▸ AIM OF THE EXERCISE: I'd like the listing below copied exactly, with the images left out.

[DATASET CONTENT Boundary: Start]

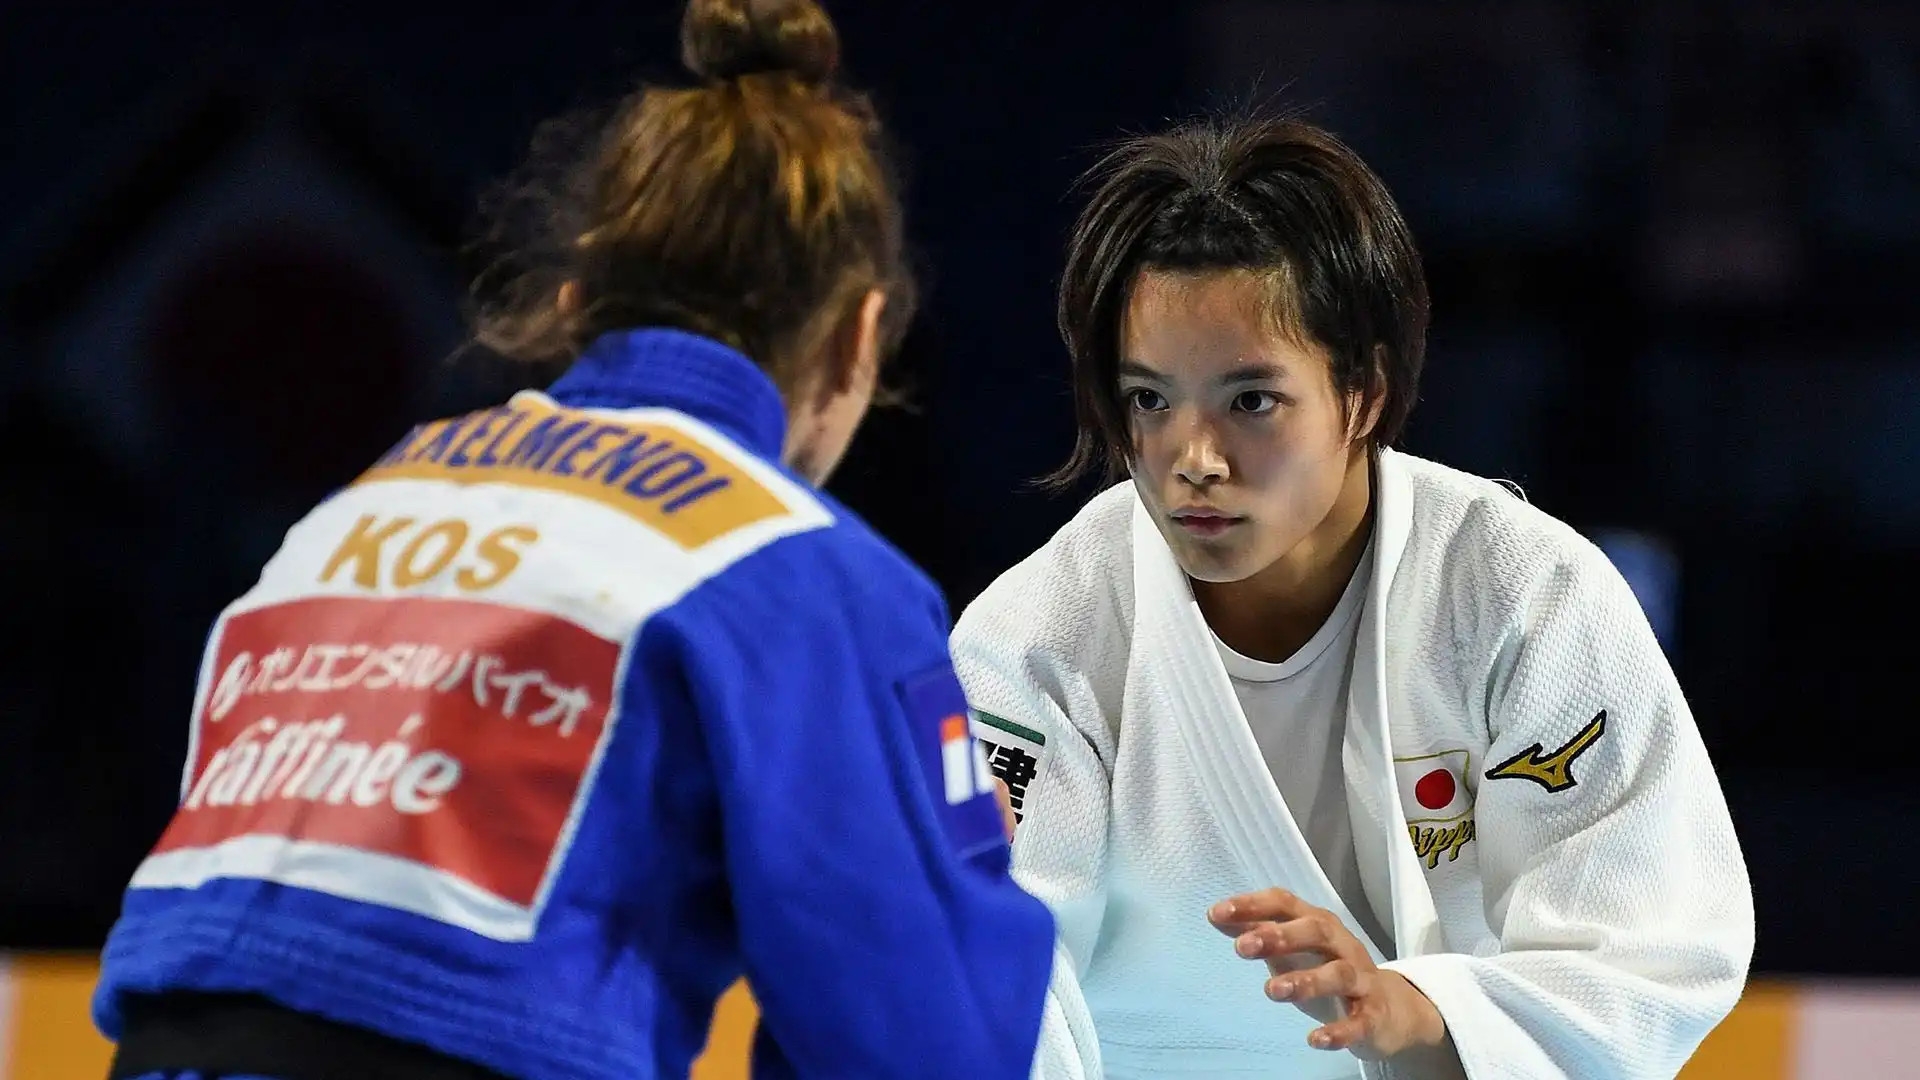 Grazia e potenza: la judoka Uta Abe è una delle atlete più popolari del Giappone
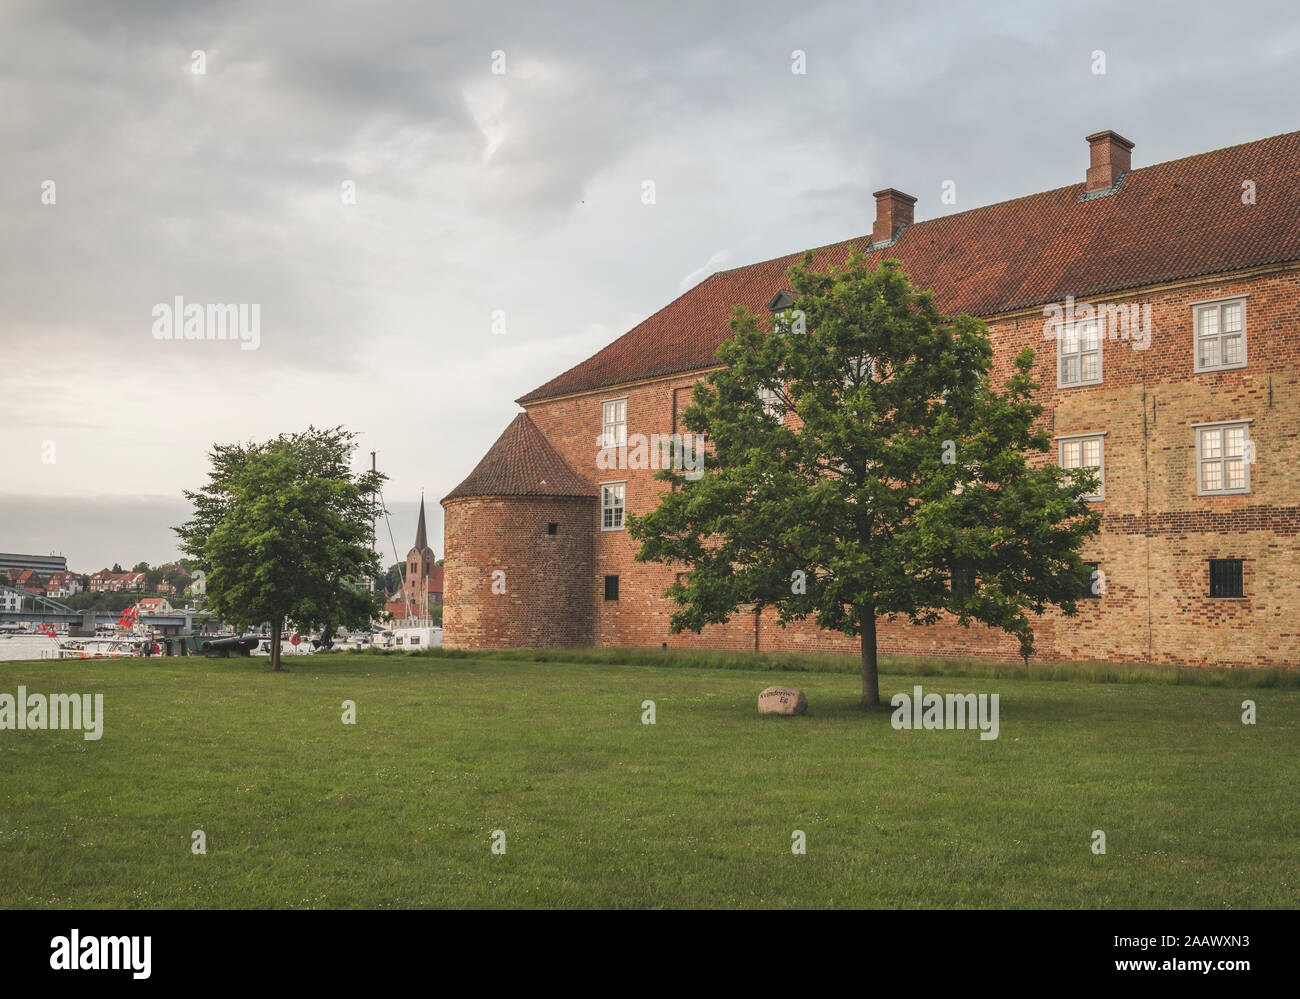 Dänemark, Sonderborg, Schloss Sonderborg an bewölkten Tag gesehen Stockfoto
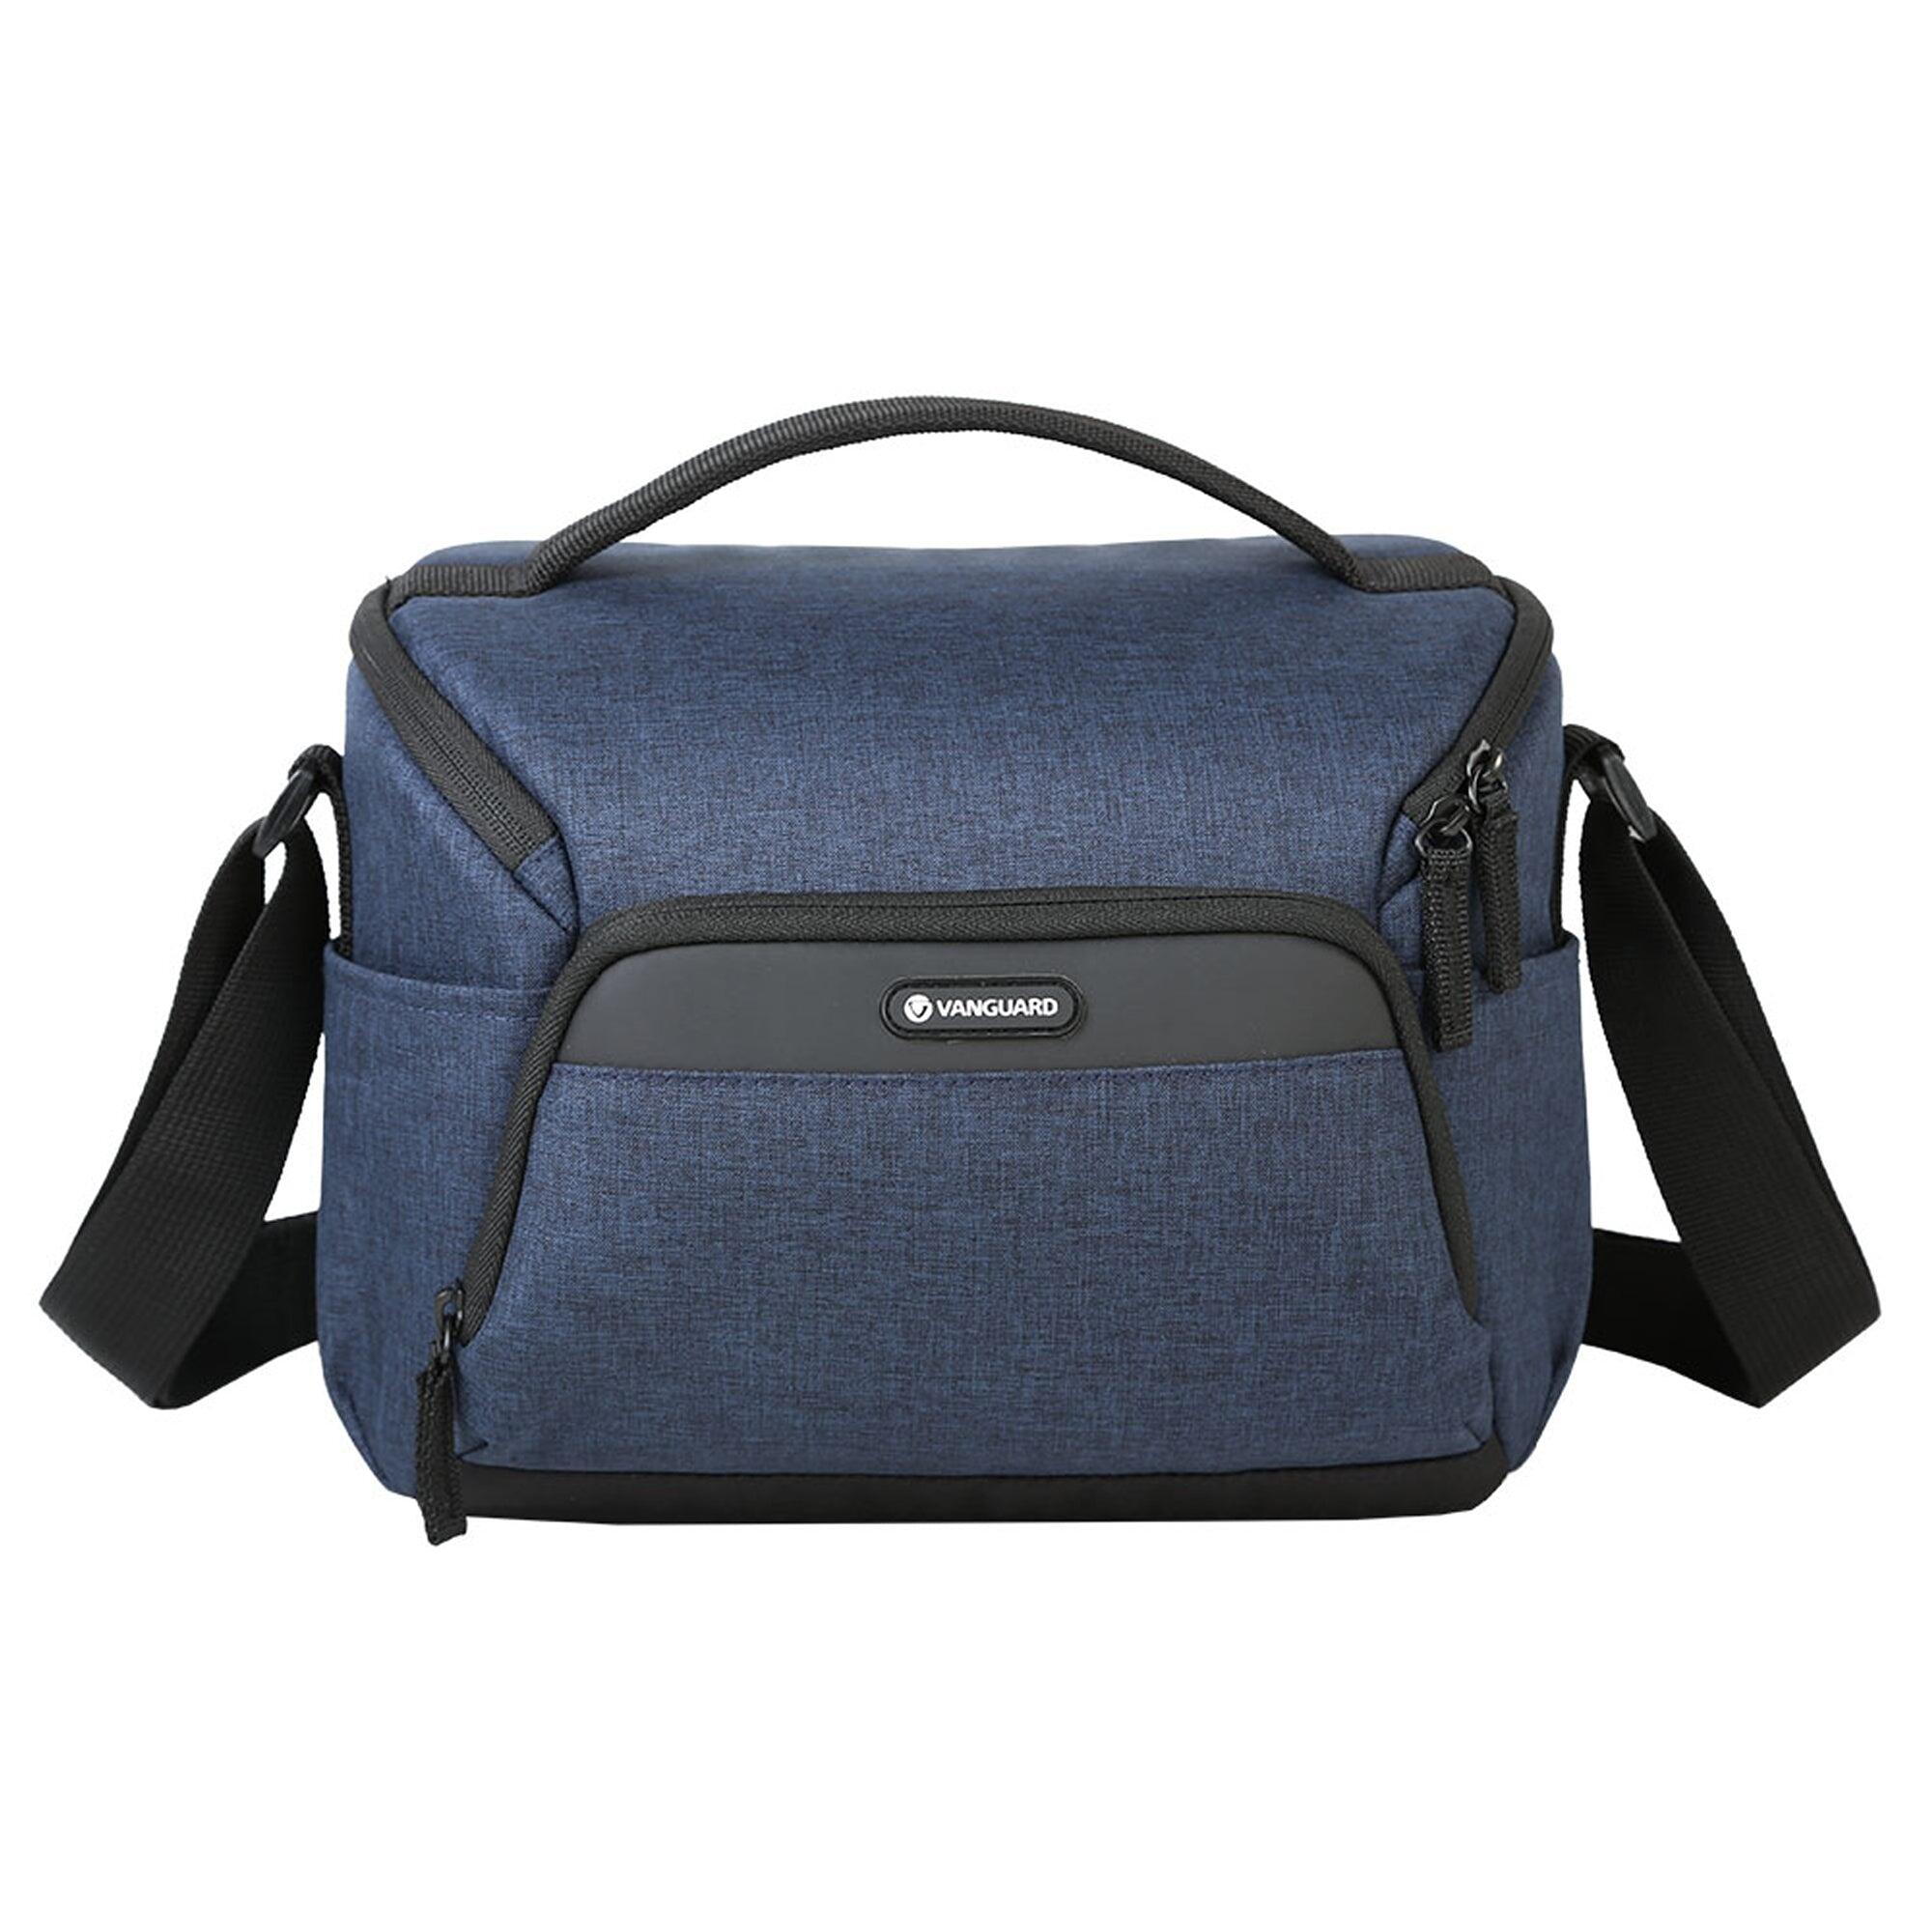 VESTA Aspire 25 NV Shoulder Bag - Blue 4/5

[DATASET CONTENT Boundary: End]

▸ REPLY TO THE TASK:
 Grazia e potenza: la judoka Uta Abe è una delle atlete più popolari del Giappone
 Dänemark, Sonderborg, Schloss Sonderborg an bewölkten Tag gesehen Stockfoto
 VESTA Aspire 25 NV Shoulder Bag - Blue 4/5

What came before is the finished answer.